Your job is to print, exactly, the lines in the data below from the line with "Self Sealing Fiberglass" through the line with "Hot air balloons", both included, and to omit any picture.

Records for this task =>
»»

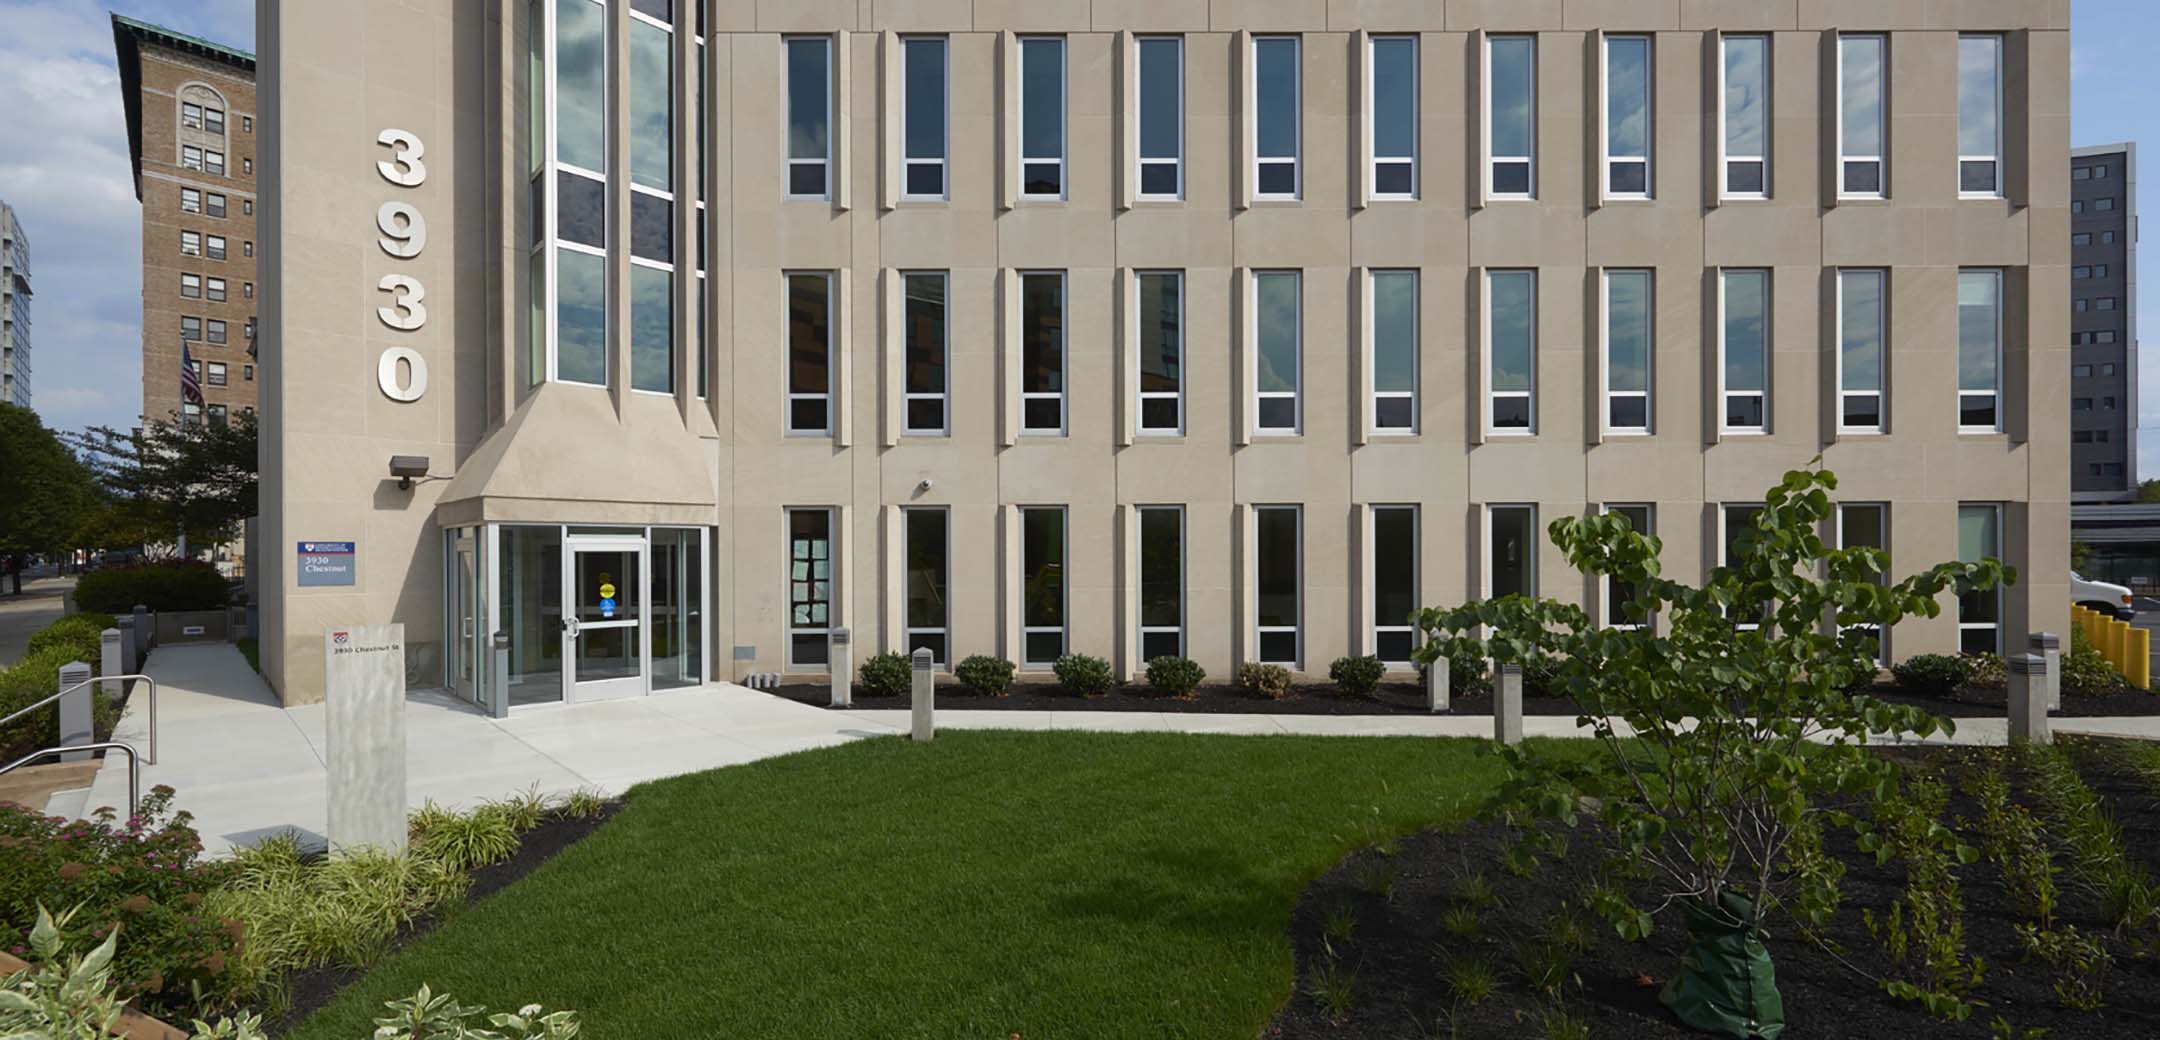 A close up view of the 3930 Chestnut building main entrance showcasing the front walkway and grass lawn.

««
»»

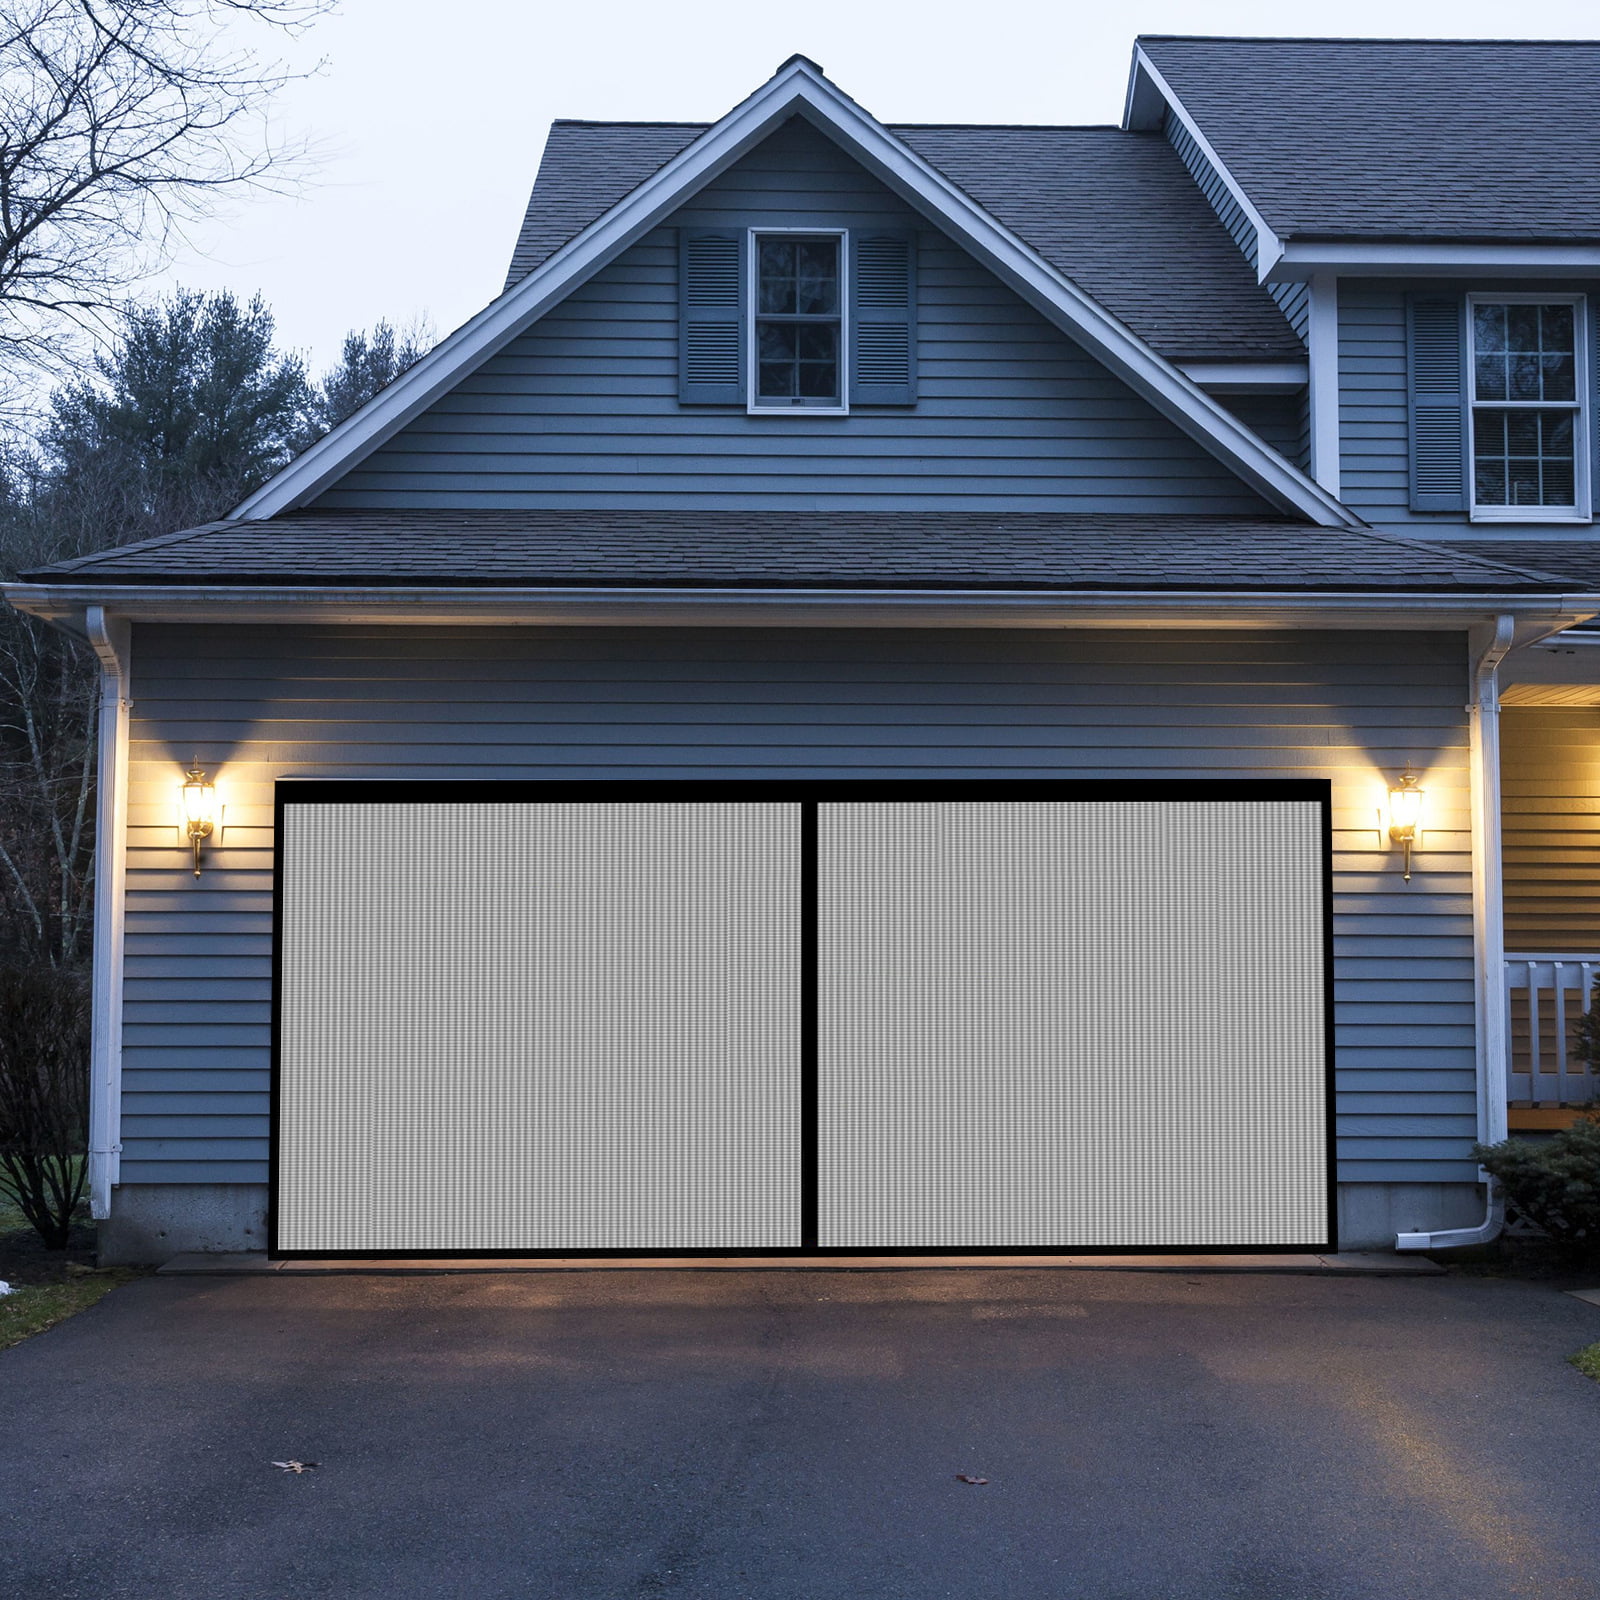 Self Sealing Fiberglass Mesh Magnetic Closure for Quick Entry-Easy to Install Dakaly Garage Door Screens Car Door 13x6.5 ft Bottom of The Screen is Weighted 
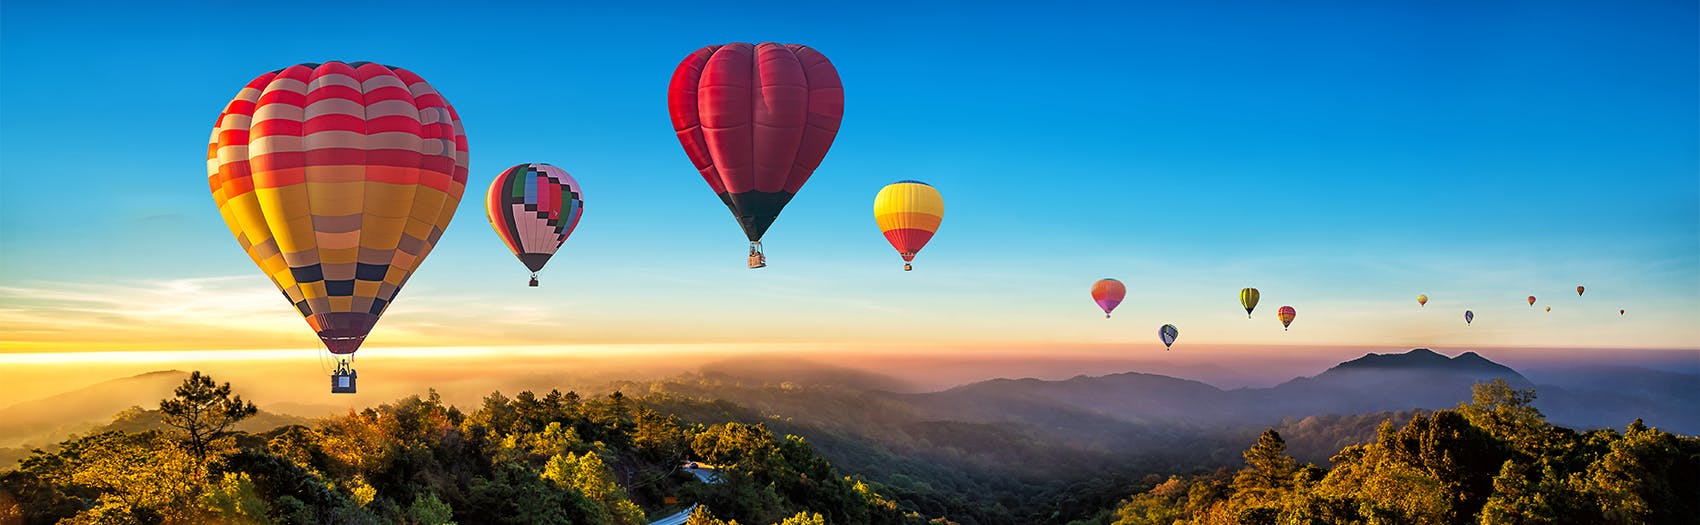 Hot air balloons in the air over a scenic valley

««

Finished exercise =>
 Self Sealing Fiberglass Mesh Magnetic Closure for Quick Entry-Easy to Install Dakaly Garage Door Screens Car Door 13x6.5 ft Bottom of The Screen is Weighted 
 Hot air balloons in the air over a scenic valley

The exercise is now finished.